Table Of Contents
‣ GitHub Repositories
Text-As-Data/Word Counting Tutorial.ipynb at main · NatalieRMCastro/Text-As-Data
Text-As-Data/Word Counting Gist.ipynb at main · NatalieRMCastro/Text-As-Data
Word counting is the simplest tool used in early NLP. It is always accurate, but may have a tendancy to overlook data and does not achieve the same insight as other models. By recognizing its caveats, it can support the overall exploration of the data to best apply word counting.
Keyword counting can be used to understand the useage of one (or a few) words in relation to the entire corpus of text. Additionally, it can be used as a base validity level to compare unsupervised and supervised models. If the visualizaitons from word counts demonstrate something that is not present, or chronologically different than in the topic clustering (or any other tool) it can push you to a certain area to re-validate its accuracy.
There are two basic steps used in this tutorial to explore the composition of the texts first a counting method, so identifying what words are relevant, and then the second measures the occureance and the sentiment proportion.
I reccomend downloading the Notebook from GitHub to explore the visualizations! They are not rendered in the HTML embed here.
The libraries used in this tutorial are a small fraction in comparison to many other NLP techniques. The main function of these libraries is to import a dataset, structure it, and then to count it.
2.1 Data Importation
The data used in this tutorial is provided by a HuggingFace data set by the user Krushil Patel titled Covid Tweet Text Classification. This dataset consistes of 9,450 different tweets, and is labeled but has an unknown labeling schema (I believe it is to split between test and training data sets). There is little metadata about this data set, but it was selected because of its size and powerful emotions evoked during COVID-19.
2.2 Data Pre-Processing
📌 Here is the documentation about the different kinds of stem algorithims available through the Natural Language Toolkit
An advantage of stemming when using dictionary methods is that is will capture all word forms. It will treat the words 'cause', 'causing', and 'caused' all the same. In the data provided it will then change the original form of the word.
14,000 words would be a lot to visualize, especially if they do not occur frequently. The analysis could proceed in two ways - looking at the most frequent words or looking at the least frequent words. The most frequent would provide information about what was most relevant to the sampled population. Inversely, by analyzing words with few instances it can lead way to exploring silences and gaps within the dataset.
For this analysis, let's look at the words with the highest frequency words and then calculate their seniment. A few other calculations will be preformed to look at the composition of the sentiment.
At this stage, we will generate a table that is the following
index | value | percentage |
---|---|---|
2 | covid | .5257 |
3 | case | .2659 |
45 | test | .2224 |
📌 The documentation for the NLTK Vader Lexicon can be found linked. It provides the source code for the original model.
Using dictionary methods, we can easily conduct a sentiment analysis to see what percentage of the corpus belongs to a certain emotion. Unlike other NLP methods, the NLTK's sentiment analysis does actually 'read' the word and provides a score based on it. However, it does not 'read' the word in context when only a bag of words is passed to it.
In this section of code, the sentiment analyzer will be applied to the above tweets to expand the dataframe with its respective scores. The compound score will then be used in analysis because it is the combination between positive and negative tone. For example someone could say “that’s just wonderful, I wasted my whole paycheck on that dumb thing!”, and the sentiment analyzer would consider wonderful, wasted, dumb for the sentiment all together.

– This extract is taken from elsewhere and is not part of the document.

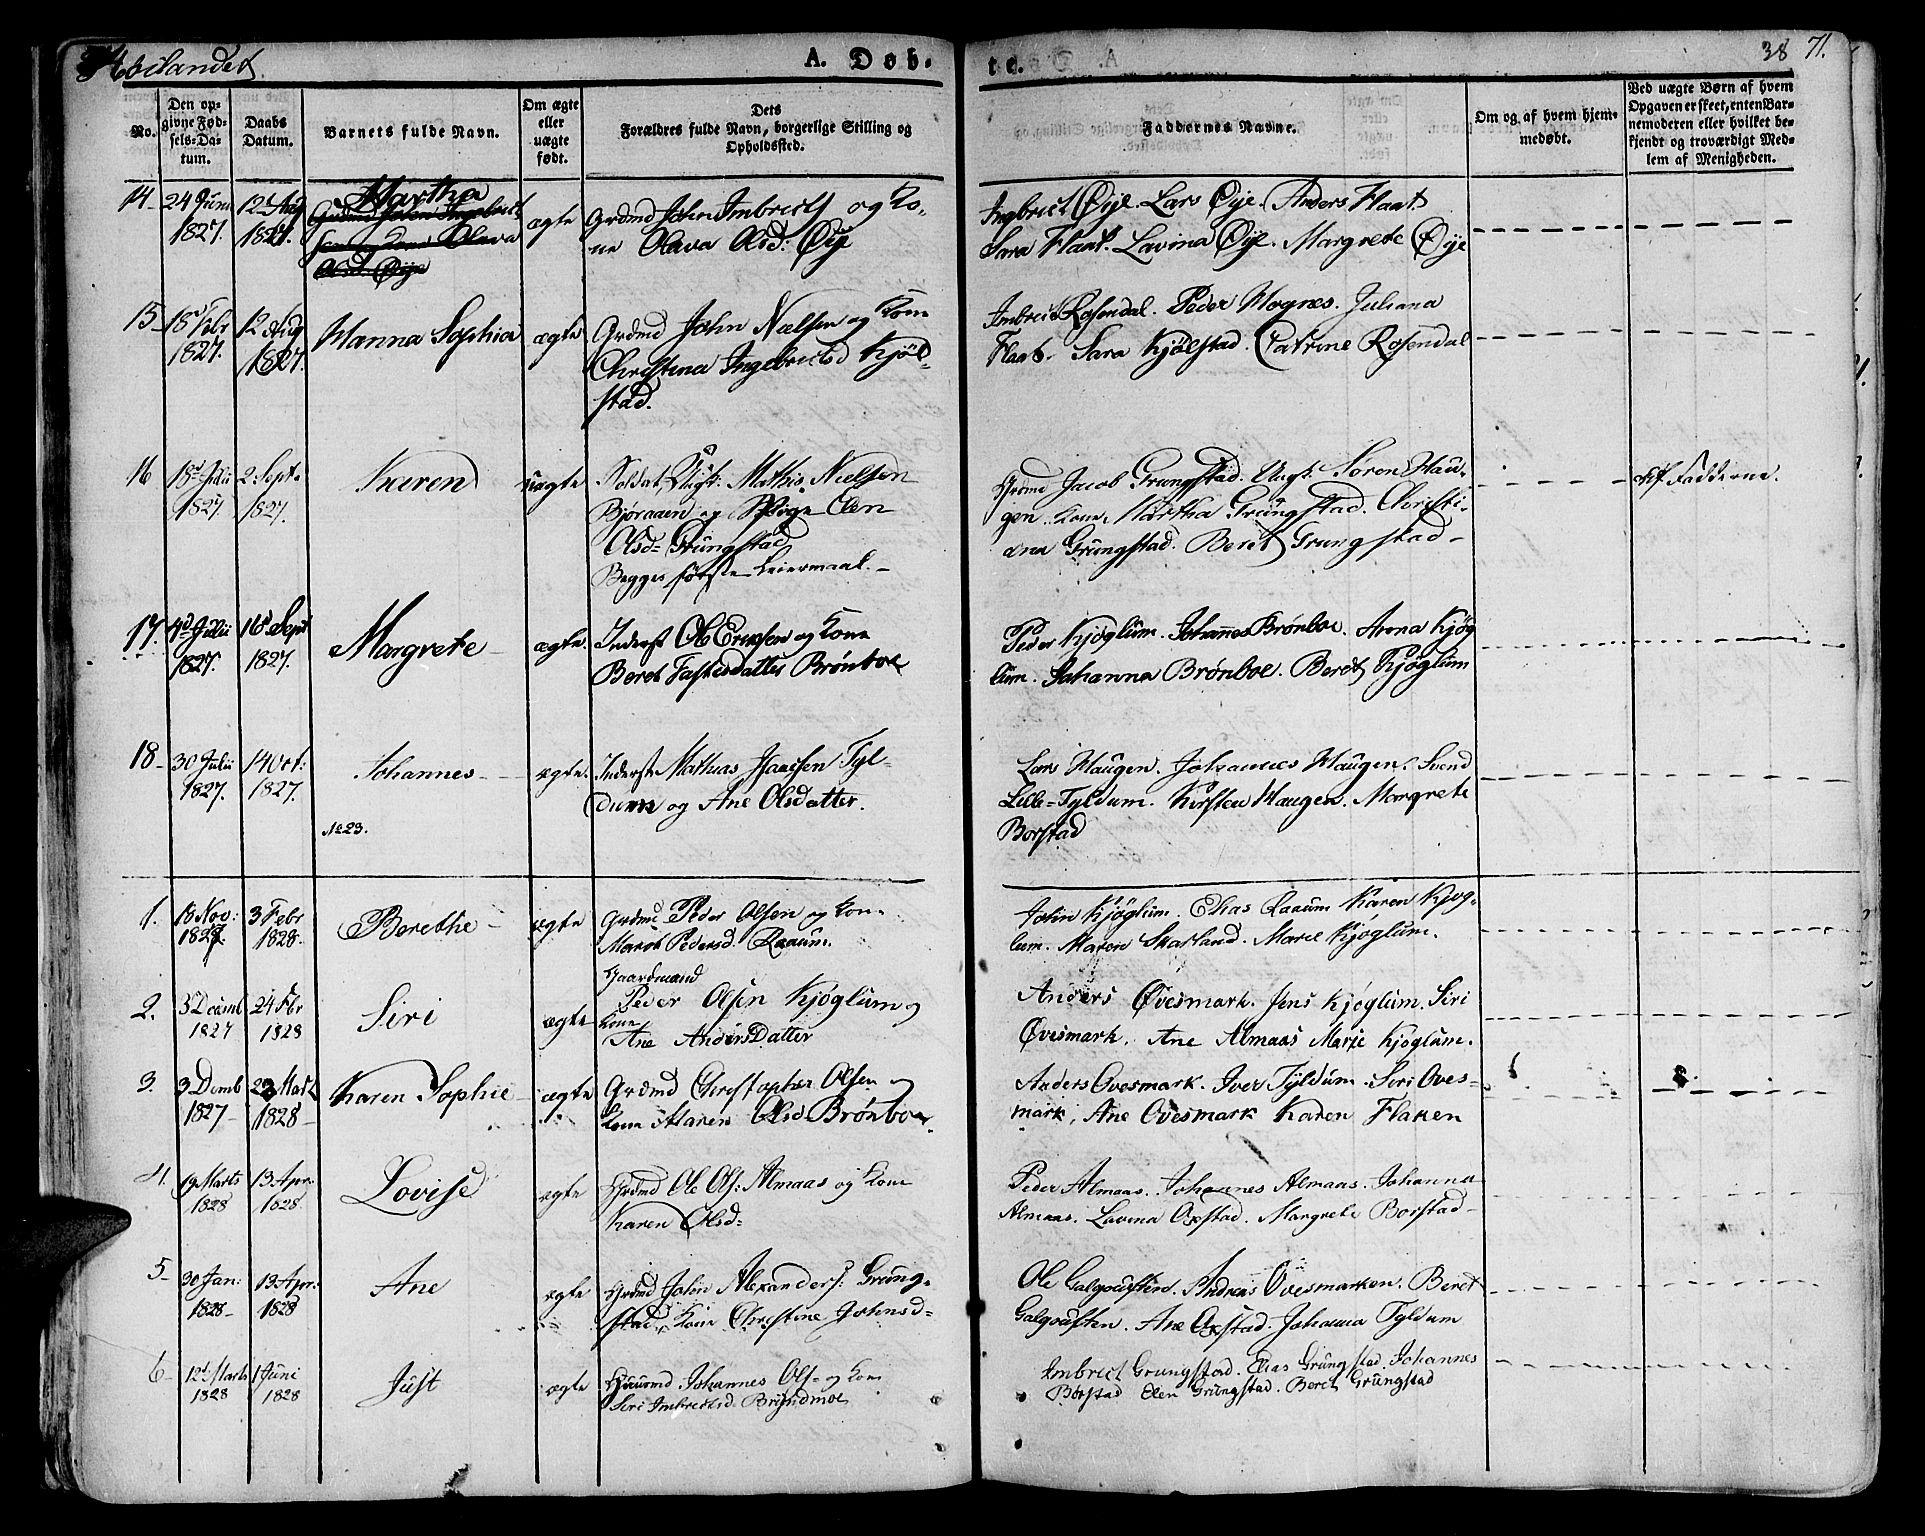 SAT, Ministerialprotokoller, klokkerbøker og fødselsregistre - Nord-Trøndelag, 758/L0510: Ministerialbok nr. 758A01 /2, 1821-1841, s. 38

Through calculating the entire frequency and percentage of the sentiments we can generate a dataframe that has information about the average percentage, frequency, and the breakdown of each type of sentiment. These types of graphs could show how the passage is composed or what the overall tone is. In this section, the sentiment analysis used was based on a positive, negative, or neutral sentiment but there are many other forms of classifier that could provide a more fine grained information.